### Data to process
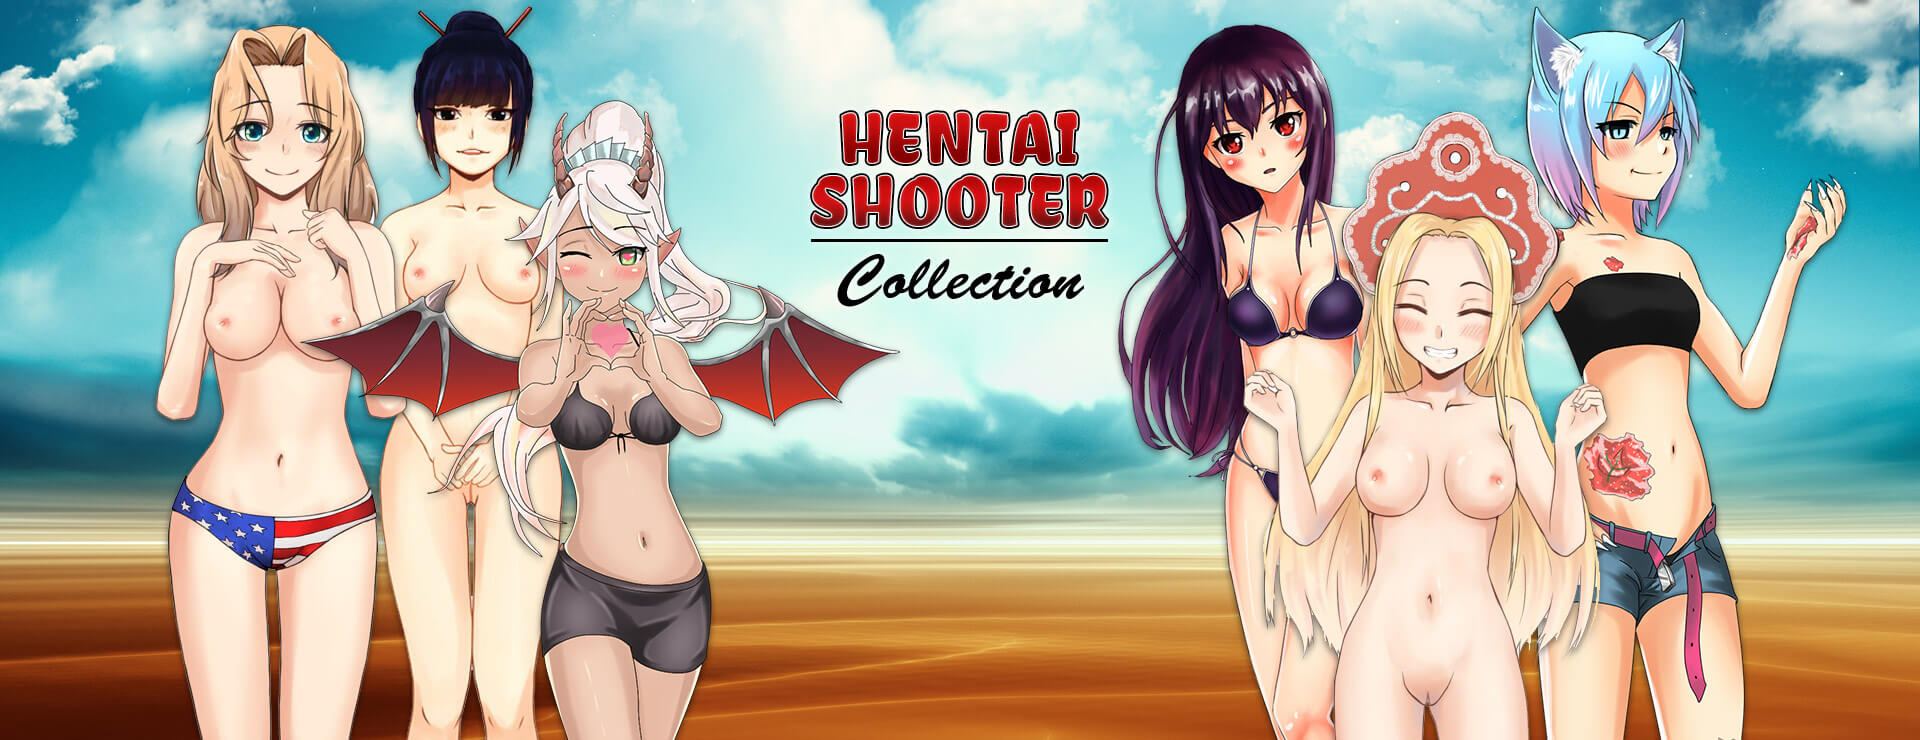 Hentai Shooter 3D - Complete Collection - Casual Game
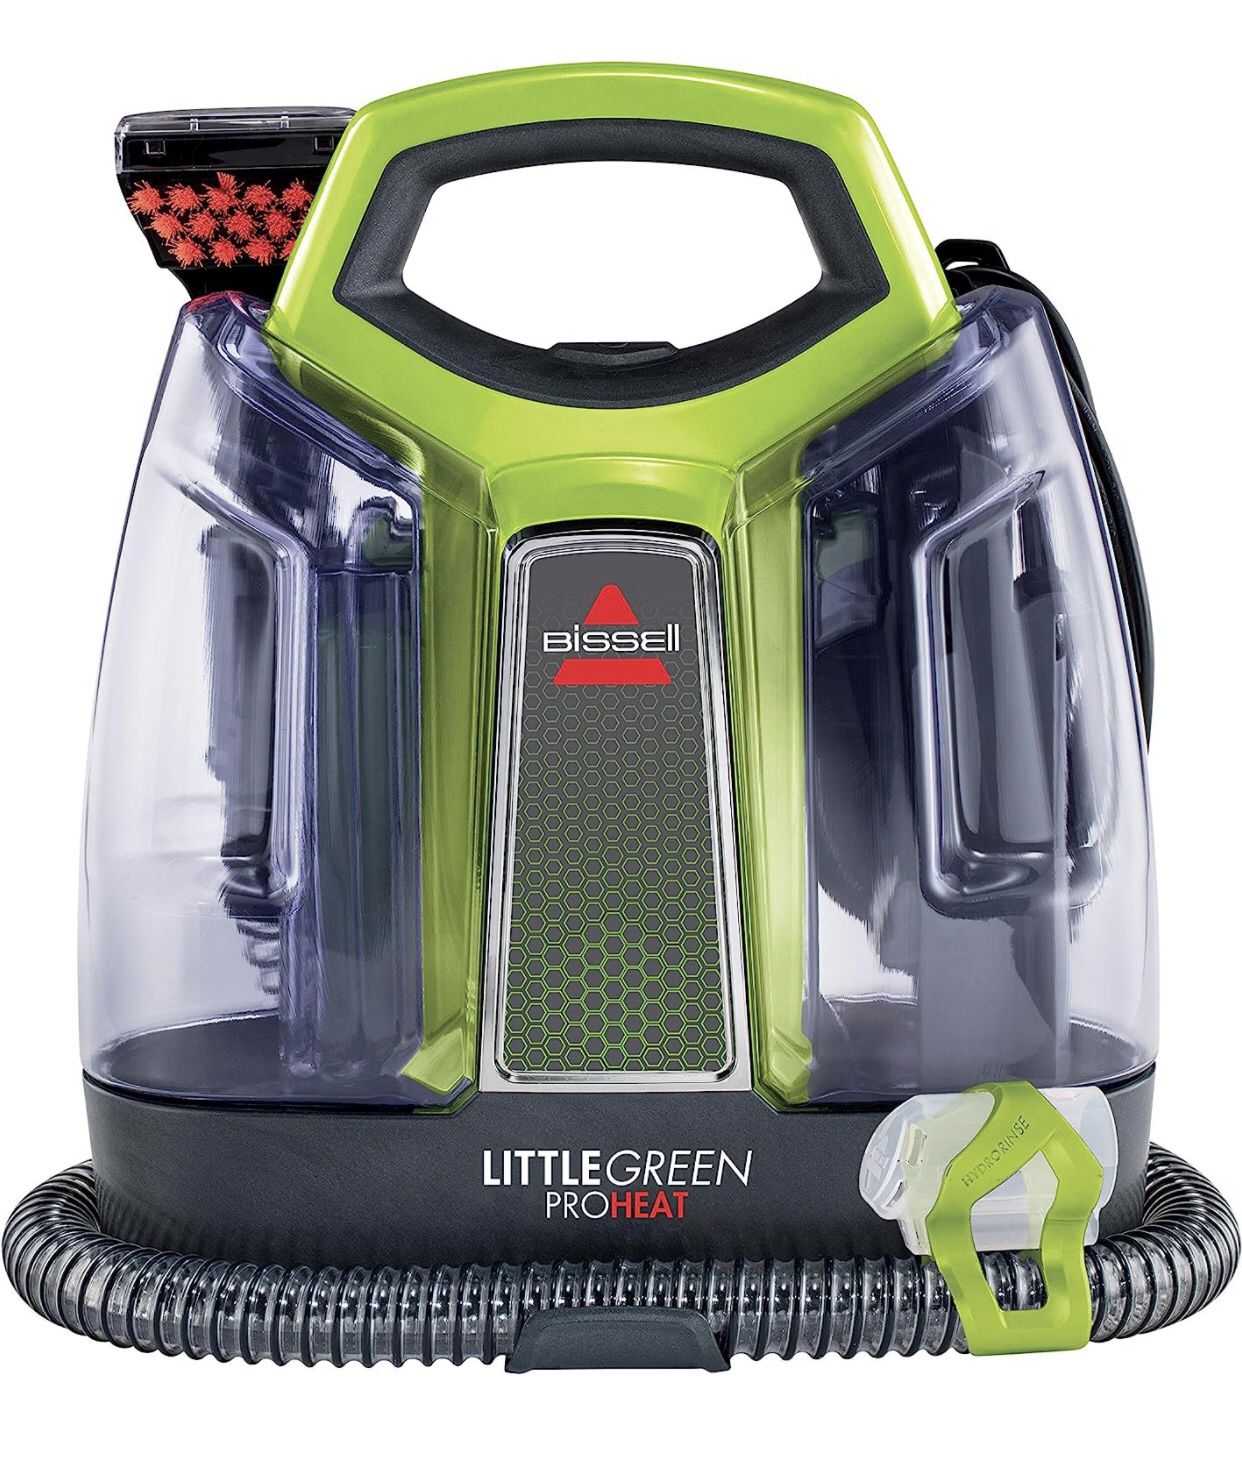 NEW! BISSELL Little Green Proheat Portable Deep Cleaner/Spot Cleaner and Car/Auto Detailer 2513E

==

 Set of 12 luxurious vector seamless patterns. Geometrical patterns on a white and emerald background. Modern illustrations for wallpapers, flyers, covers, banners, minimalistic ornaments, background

### Task
Each line above that falls between the line with "Hentai Shooter 3D" and the line with "NEW! BISSELL Little" should be printed exactly, together with those two lines, but the pictures should not.

### Task response
 Hentai Shooter 3D - Complete Collection - Casual Game
 NEW! BISSELL Little Green Proheat Portable Deep Cleaner/Spot Cleaner and Car/Auto Detailer 2513E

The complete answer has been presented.